In our Rails app, it was fast/easy enough to search questions for the UI by rehydrating the YAML into plain old Ruby objects (n >'' = 'group' Our first table for PaperTrail recorded objects and changes as a YAML blob sitting in a text column. At first, it was for disaster recovery, but now it could give us time travel superpowers. In particular, we wanted to do this analysis at scale rather than as one-offs.įortunately, we track versions of our records using a fun little gem called PaperTrail.

This can change the results initially filled in (also, spelling).
VISUAL JSON MODELER PROFESSIONAL
For context, we quality control most interviews to ensure accurate scoring, professional conduct, and excellence. Over the past eight months though we started asking questions about how results and questions were changing over the course of some edits. Those YAML blobs worked really well for years.
VISUAL JSON MODELER UPDATE
Just update the UI components and the scoring classes to handle the new shape (types in the example), and voila. This allowed a lot of quick iteration without reshaping the tables every time we wanted a new question/result format. Tell me about a time you traversed a tricky array. # Notice this is all pretty human readable, hooray YAML. ALTER TABLE questions ADD COLUMN content RAW NOT NULL Īs long as the YAML conformed to a general shape and the UI and scoring engines could understand it, we were good.

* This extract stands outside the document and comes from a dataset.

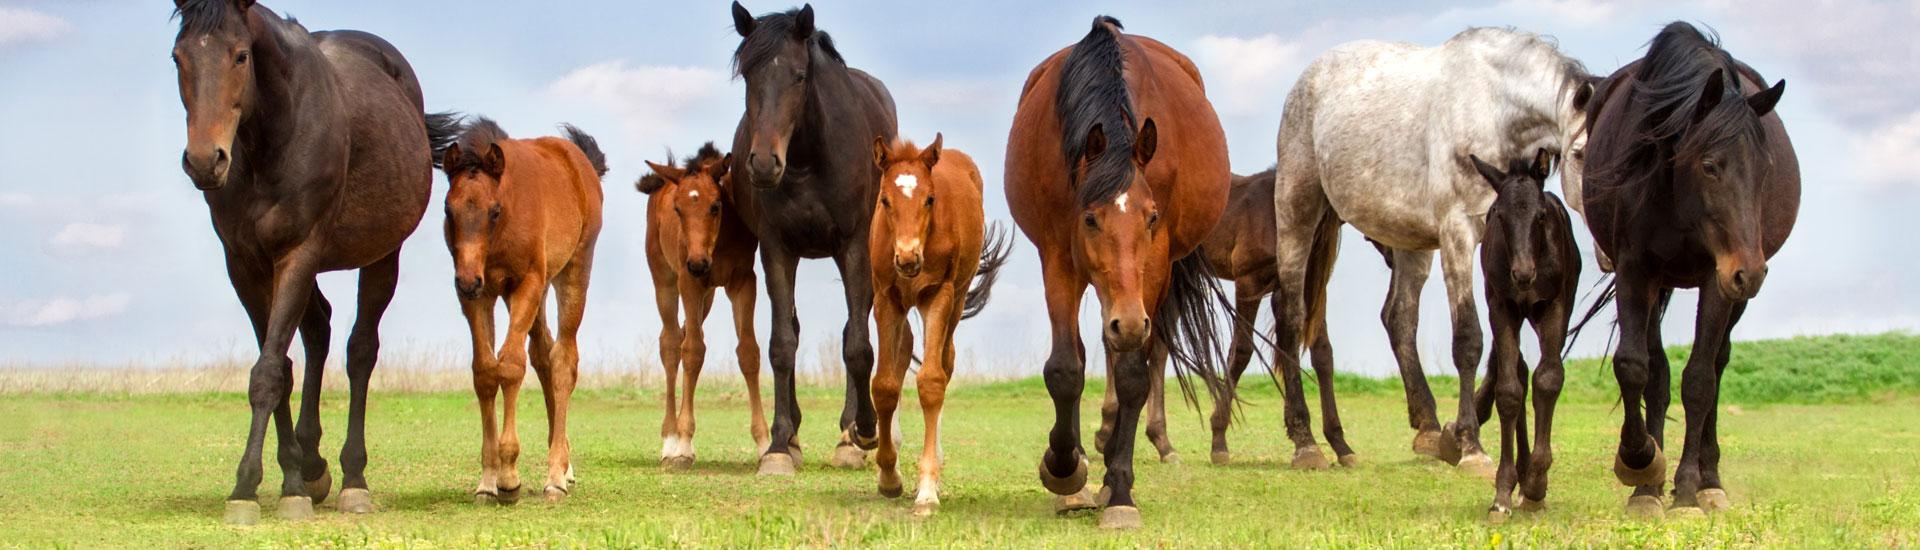 headbilder-kapitel-pferdefutter-zucht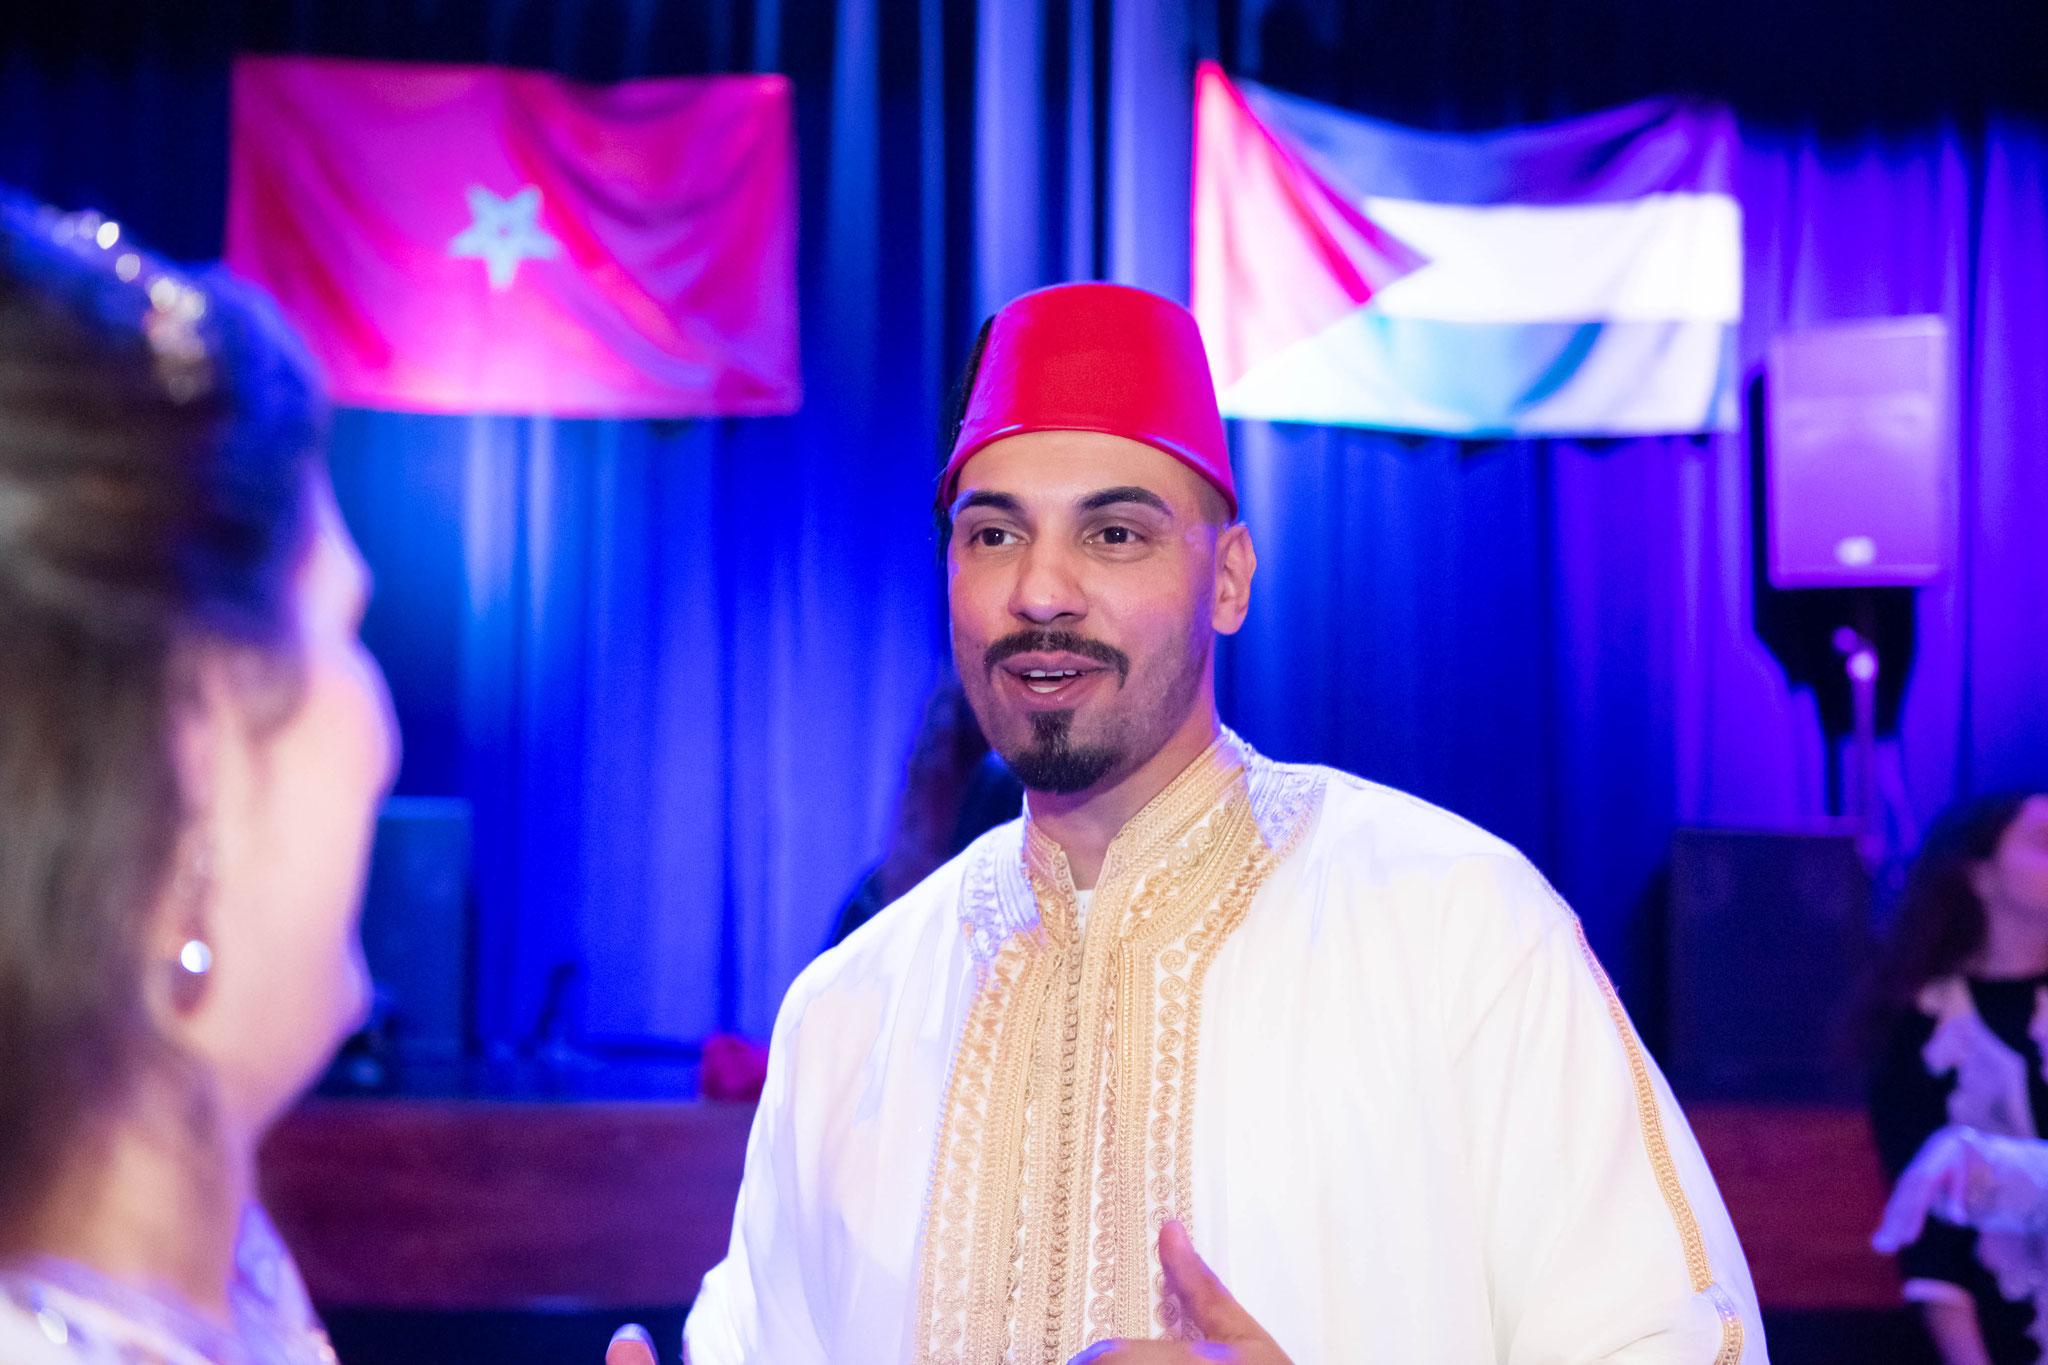 Professioneller Fotograf für Marokkanische Hochzeiten in Darmstadt und Deutschlandweit

How did they describe it? They used a text column with YAML stuffed inside. Since the dawn of Karat, some wise engineering folks made a great tradeoff and decided to punt on figuring out what exactly the shape of a question should be in a relational database. Notice all the caveats, qualifiers, and commas? You get the point. This also comes with some scoring of the correctness. Result: an ordered list of question answers during an interview with an attached snapshot of the questions as asked. May have multiple parts, diagrams, external resources, constraints, or follow ups. Question: a yes/no, multiple choice, or open ended response query for knowledge. Loosely defined and ignoring a bunch of complexity we have a few definitions: “But Kyle,” you say, “isn’t a question just some words and a punctuation mark?”

Life gets more complicated when we start talking about questions and results: the bread and butter of over 60,000 Karat conducted interviews. Rails hides a lot of the complexity for us, but it’s not all that complex and we do plenty of data analysis on those raw tables without Ruby to lend a hand. We also store some things in S3 like videos, but those locations are referenced with a pretty simple table. They’re often a row in a relational table with some foreign keys, non-nullable columns, default values, and not much else. The Karat engineering team uses a lot of simple data models: users, events, etc. So the powers that be decided we should just tell a story about the bike, which in this case is migrating a few old data models. I’ve shared some PR-approved quotes about the engineering culture at Karat, but they never really capture that thrill and terror. We’re always riding the bike as we try to build it. Any engineer at a startup will attest your data models are probably evolving faster than your code.